What im looking for is a tall and skinny plants, maybe like .5" wide and pretty tall.

Thanks!


----------



## boontje (Mar 27, 2005)

how about "Vallisneria gigantea"


----------



## dipset.taliban (Sep 8, 2005)

i just bought 2 new plants that are huge

they have the same form as a amazon sword but the leaves are circular


----------



## mauls (Mar 25, 2004)

boontje said:


> how about "Vallisneria gigantea"


yeah man!

Thats exactly what i was looking for.

I'll post a pic for anybody else intrested










Thanks


----------



## Husky_Jim (May 26, 2003)

I also agree with Vallisneria..









Here is my elongatus tank...


----------



## mauls (Mar 25, 2004)

very nice jim. Im going to get some for my tank soon!


----------



## DiPpY eGgS (Mar 6, 2005)

Sagitaria subulata is a great tall grassy plant as well. Stuff makes an awesome lawn under the right conditions too.


----------



## harrykaa (Jan 10, 2005)

dipset.taliban said:


> i just bought 2 new plants that are huge
> they have the same form as a amazon sword but the leaves are circular


Hi, dipset.taliban

So are they Argentine Swords (Echinodorus argentinensis)
=> link
or
(Echinodorus macrophyllus)
=> link?

I used to have those once.
They are not so fast growing as the Amazon Sword, Echinodorus bleheri (paniculatus).

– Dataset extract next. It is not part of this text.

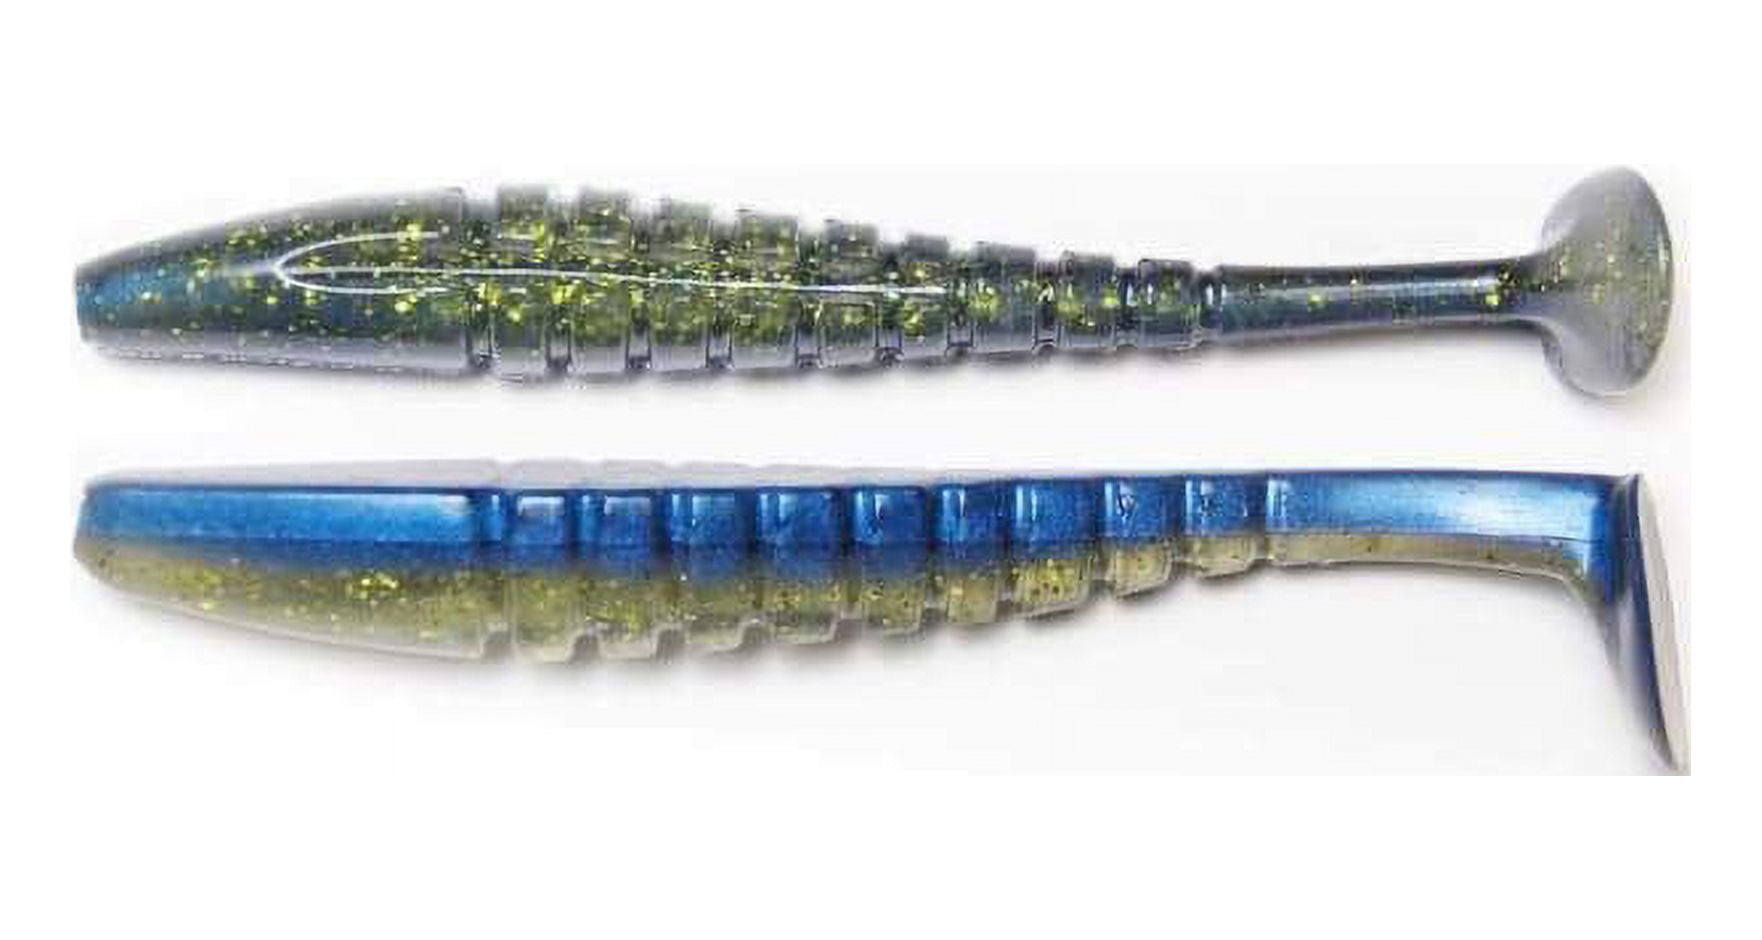 Xzone Pro Series Swammer Paddle Tail Swimbait Sexy Shad Length 5 1/2 inch

BTW, Amazon Swords are also sold with round leaves. But then in aquarium when submerged the new leaves become more narrow and longer shaped.

PS. Husky_Jim,
You really have a nice and extremely well planted tank with Giant Vals.

Regards,


----------



## dipset.taliban (Sep 8, 2005)

ill psot a pic n u can be the judge


----------



## Judazzz (Jan 13, 2003)

Onion Plants (do a Google Search for _Crinum_)are also a nice option


----------



## dc2rtek (Oct 27, 2005)

husky_jim said:


> I also agree with Vallisneria..
> 
> 
> 
> ...


That is one beautiful tank.


----------